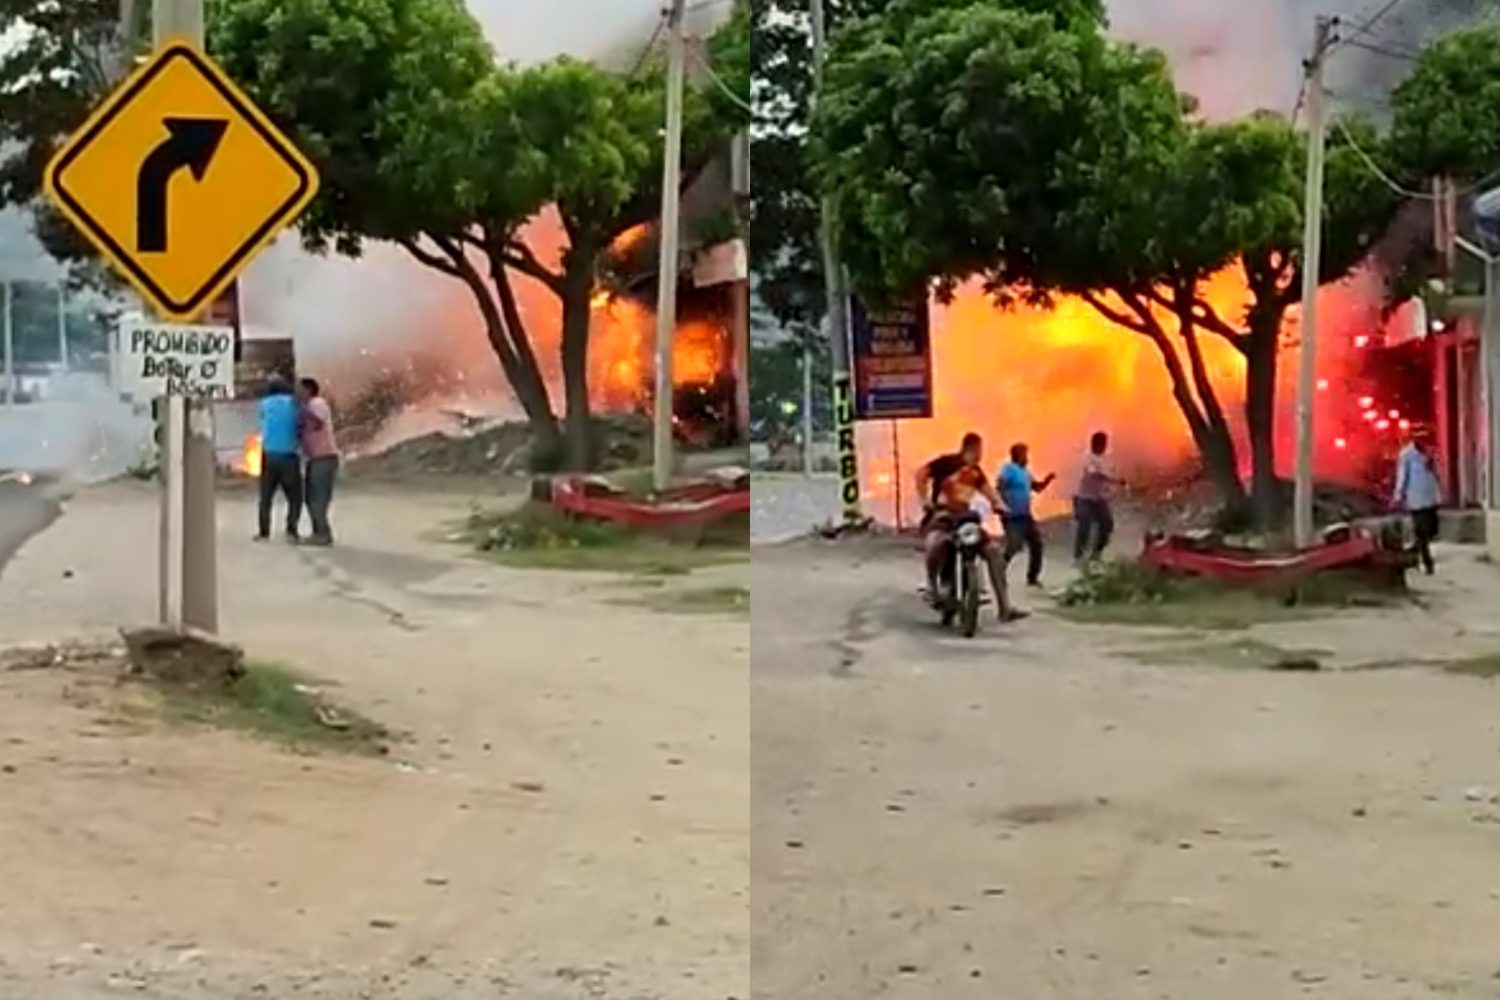 Fuerte explosión en polvorería de Santa Marta deja 2 personas sin vida
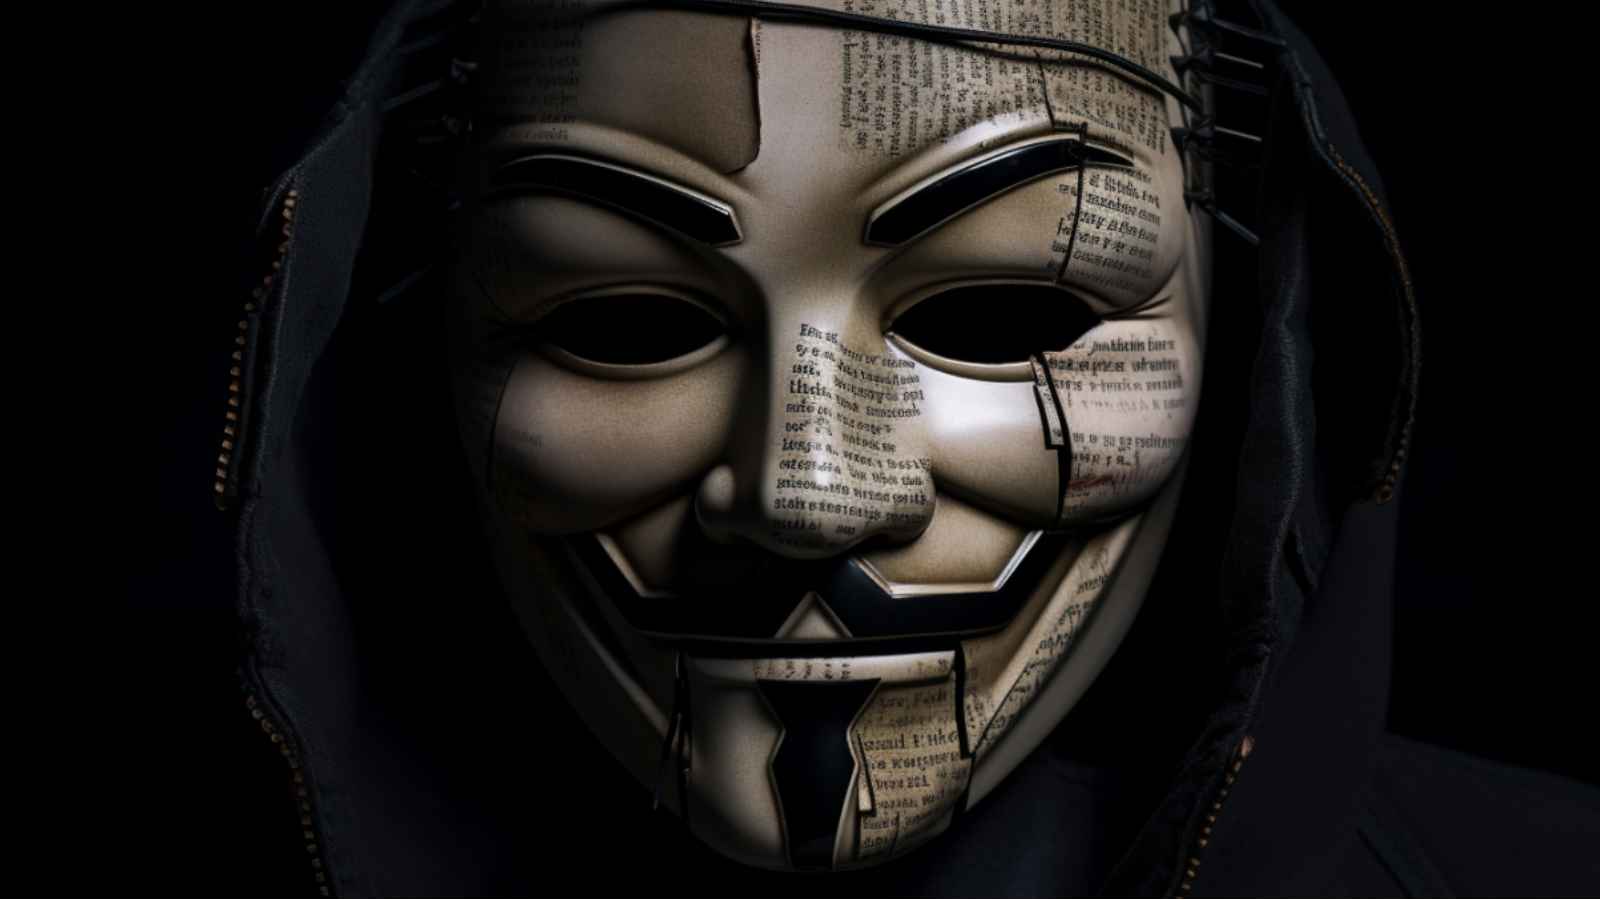 Les frères Wachowski, connus pour Matrix, ont adapté le scénario de V pour Vendetta
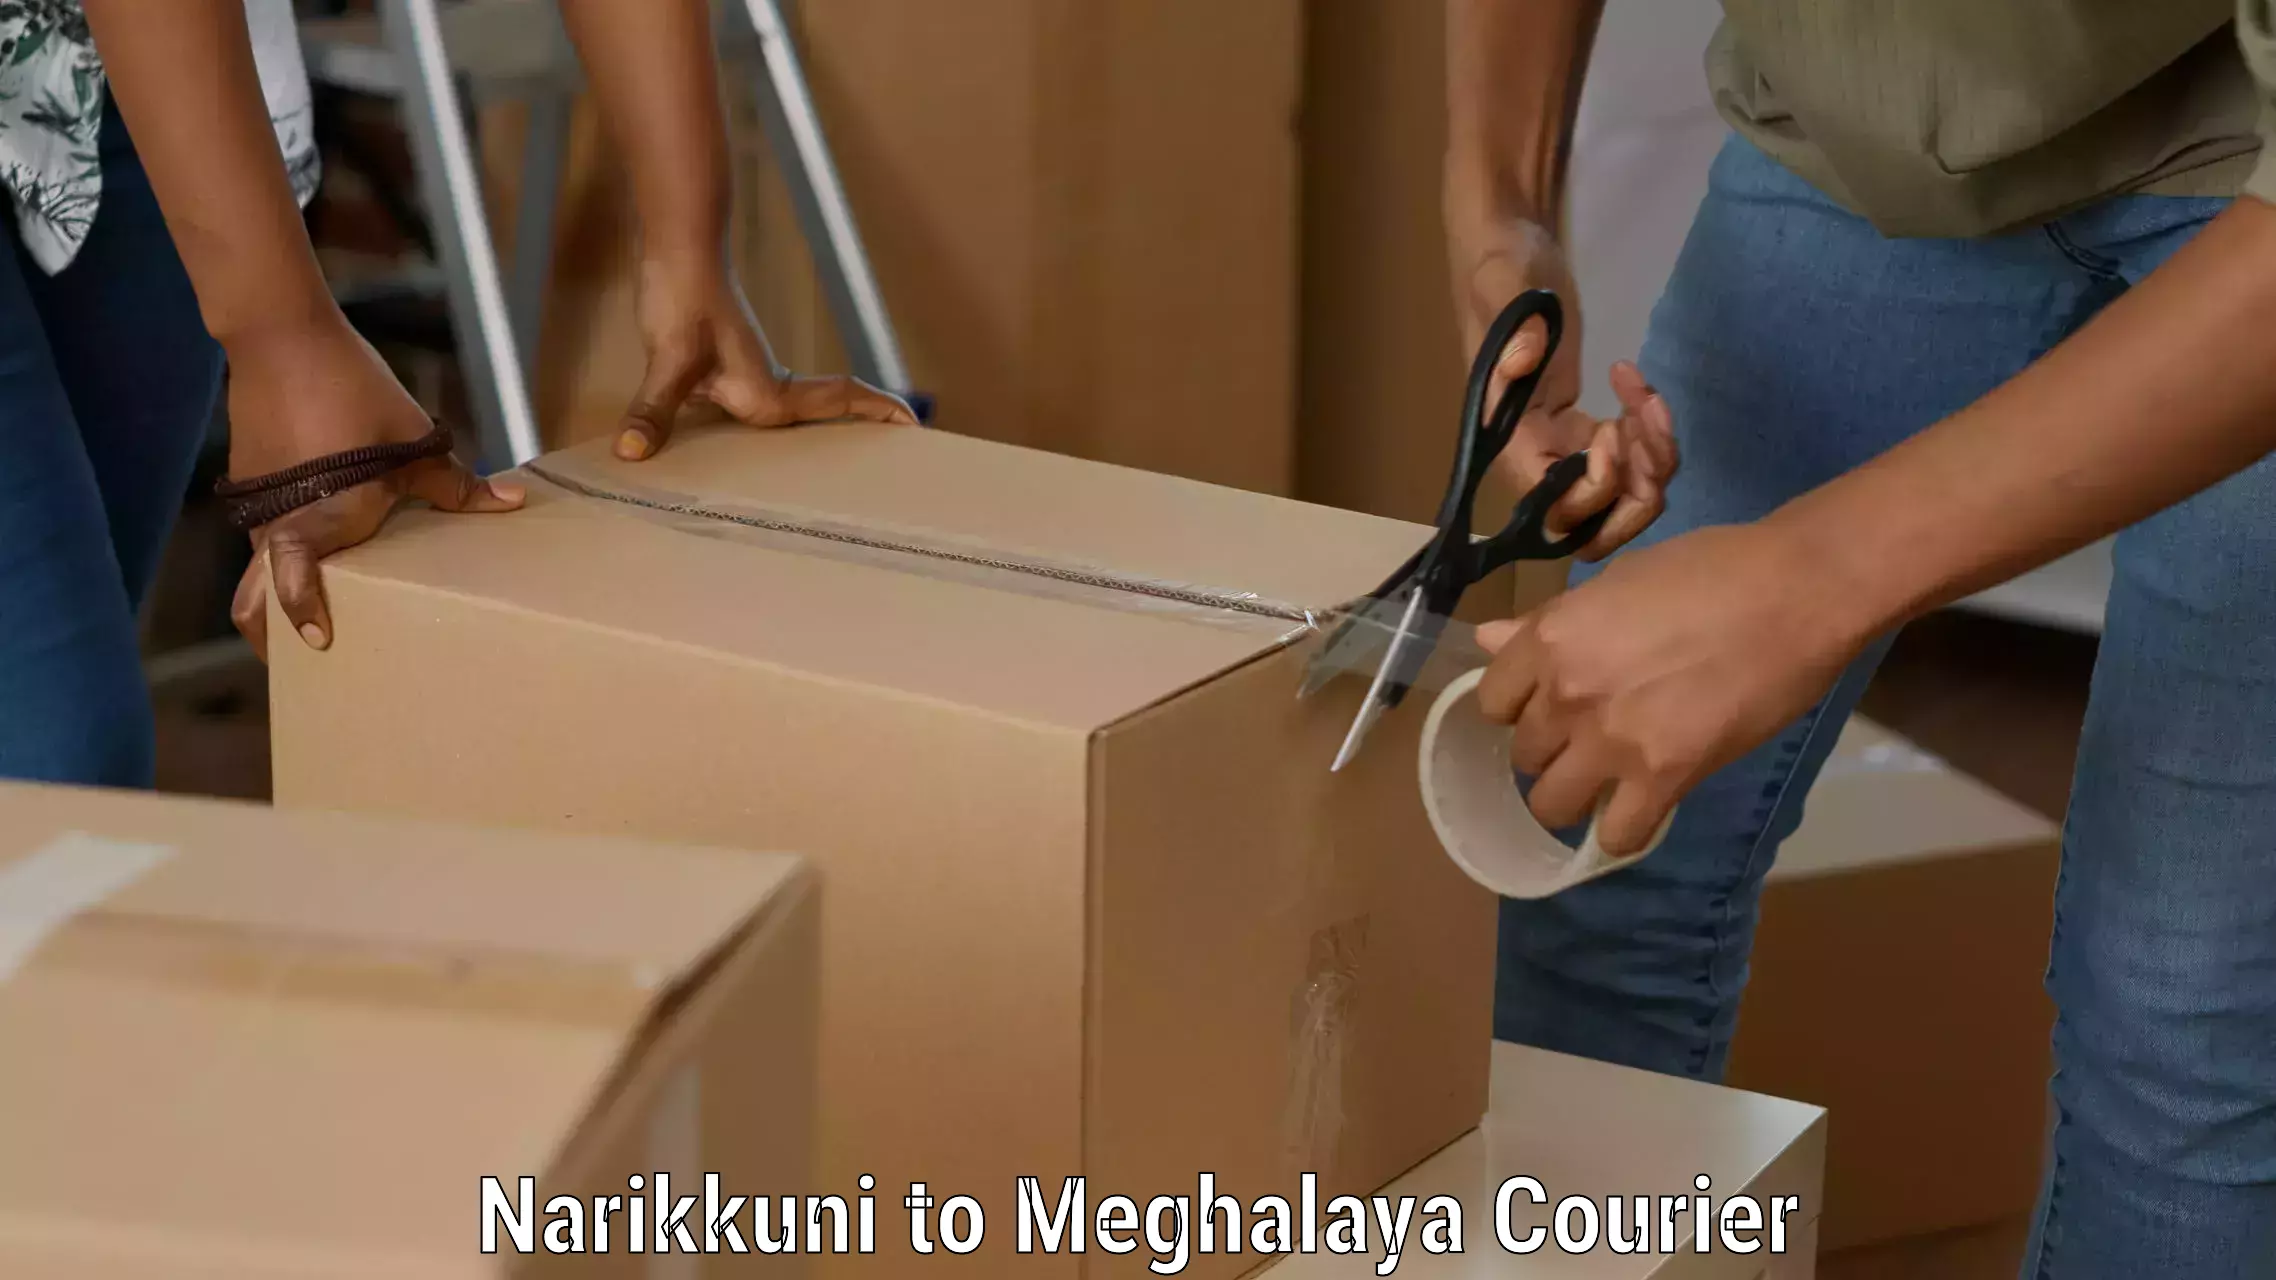 Professional parcel services Narikkuni to Dkhiah West

┄┄┄┄┄┄┄┄┄┄┄┄┄┄┄┄┄┄┄┄

Retype the whole of the data verbatim. Skip every picture.

 Fuerte explosión en polvorería de Santa Marta deja 2 personas sin vida
 Les frères Wachowski, connus pour Matrix, ont adapté le scénario de V pour Vendetta
 Professional parcel services Narikkuni to Dkhiah West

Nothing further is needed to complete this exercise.